Yoga Vasistha [English], Volume 1-4

by Vihari-Lala Mitra | 1891 | 1,121,132 words | ISBN-10: 8171101519

The English translation of the Yoga-vasistha: a Hindu philosophical and spiritual text written by sage Valmiki from an Advaita-vedanta perspective. The book contains epic narratives similar to puranas and chronologically precedes the Ramayana. The Yoga-vasistha is believed by some Hindus to answer all the questions that arise in the human mind, an...
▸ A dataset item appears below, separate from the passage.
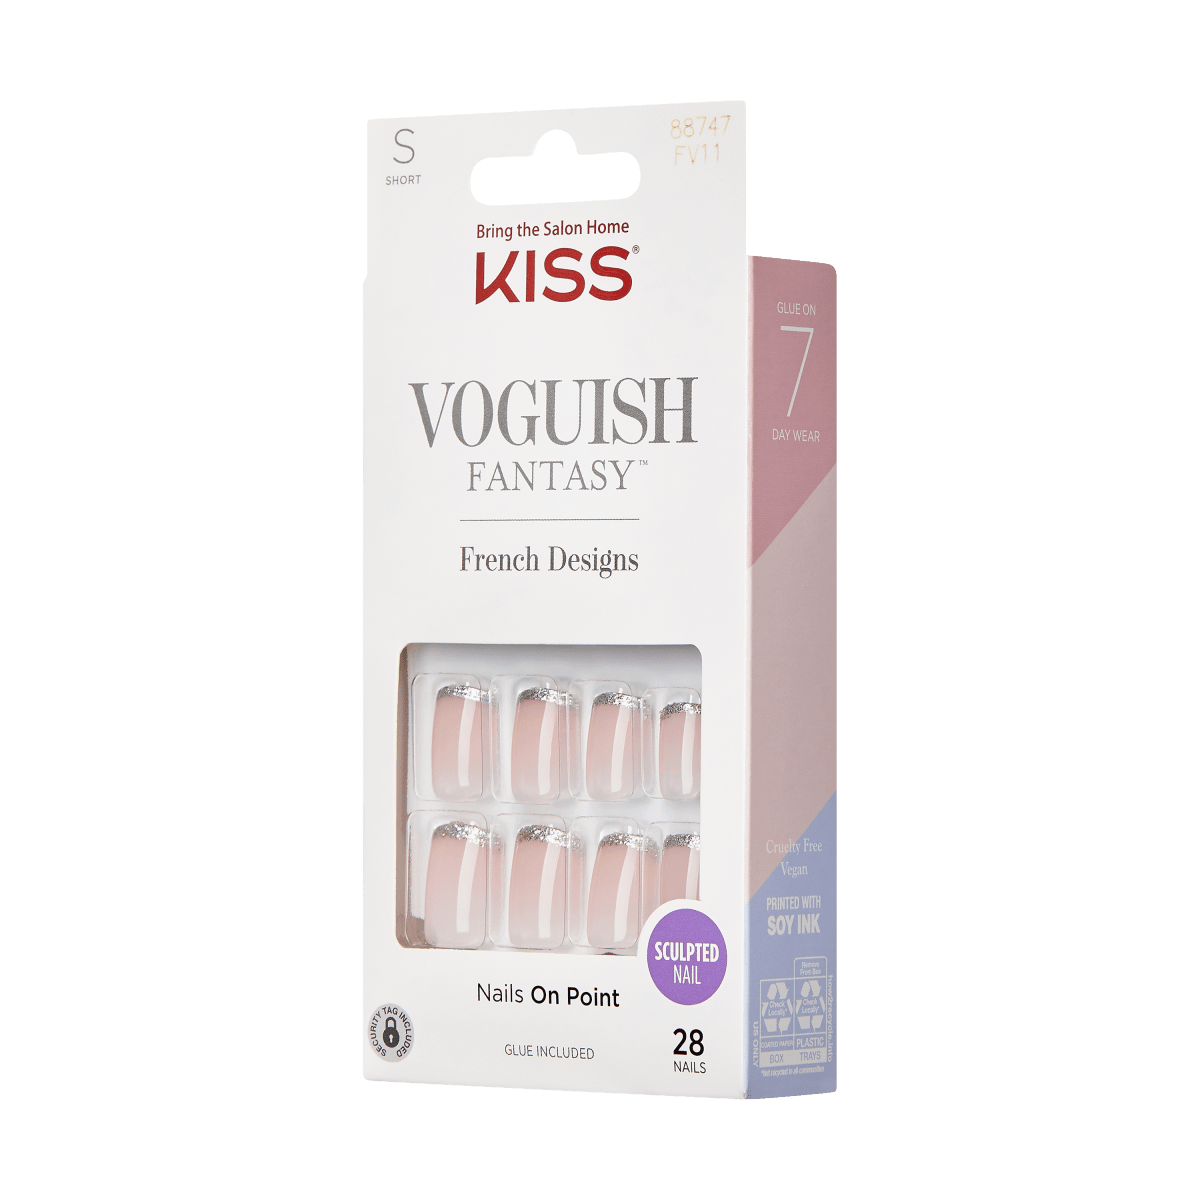 KISS Voguish Fantasy French - Bisous

Chapter XL - On the quiescence of the soul

Argument:—God is not manifest in the world, nor is the world manifested in God; but both these appear by turns in the soul of the living-liberated person.

Vasishtha continued:—

1. [Sanskrit available]
The sight of things, actions of the mind, the internal faculties and perceptions of the senses, being all of a superphysical nature, the true states of these categories are far removed from our knowledge, and present but a faint appearance of theirs unto us.

2. [Sanskrit available]
The minuteness of the superphysical or in totals, is outstretched in the forms of external or physical objects; but this extended appearance of the outer world, is a mere error (and creation of our false imagination).

3. [Sanskrit available]
But when this external nature disappears and subsides in the inner soul, it is then that this phenomenal world is absorbed like a dream in the sound sleeping state of the soul.

4. [Sanskrit available]
Our enjoyments and our greatest ailments on earth, and our kindred and relations are our strongest bondages here; our wealth is for our bale and woe, therefore hold yourself to yourself alone (and mind not about all others).

5. [Sanskrit available]
Know your felicity to consist, in your communion with yourself; and that you lose yourself, by your familiarity with the world. Participate with the supreme vacuum, be calm and quiet like it, and do not disturb yourself like the turbulent air or wind. (So Hafiz and the Persian mystics: If thou seekest thyself, then seek not [but] forsake all others).

6. [Sanskrit available]
I know not myself, nor do I understand what this visible and mistaken world may mean; I am absorbed in the calm and quiet Brahma, and feel myself as the sound Brahma himself.

7. [Sanskrit available]
You behold me as another person, and address me with words thou &c. in the second person; but I find myself as calm and quiet as the transcendent vacuum itself.

8. [Sanskrit available]
It is in the vacuous sphere of the divine soul, that you view the false appearances (of things), as are produced therein by the misconceptions of your mind; and these errors are continually rising in your mind, in the manner of the erratic trepidations in the mind.

9. [Sanskrit available]
The tranquil soul of Brahma, knows (has) no effort of creation in it;nor doth the nature of creation, know the quiescent nature of Brahma. It is as the soundly sleeping soul knows no dream, nor does the dreaming man know the state of sound sleep. (The nature of Brahma is one of profound sleep, and that of creation is no other than a dream).

10. [Sanskrit available]
Brahma is ever wakeful, and the world is no other than a waking dream, and the living liberated man knows, the phenomenon as a reflection of the noumenon in his tranquil understanding.

11. [Sanskrit available]
The intelligent man well knows the true state of things in the world, and holy men are as quiet in their souls as the autumnal sky with a moving cloud.

12. [Sanskrit available]
The erroneous conception of one's egoism or personality, and that of the existence of the world; is like the impression of the relation of a battle, preserved in one's memory or as pictured in his imaginations; in both cases truth and falsehood are found to be blended together.

13. [Sanskrit available]
The phenomena of the world, which is neither exhibited in the divine spirit, as an intrinsic or subjective part of itself nor has it a viewer (or subjective framer) for itself; which is neither a vacuity nor even a solidity of its nature; cannot be otherwise than an erroneous conception of the mind.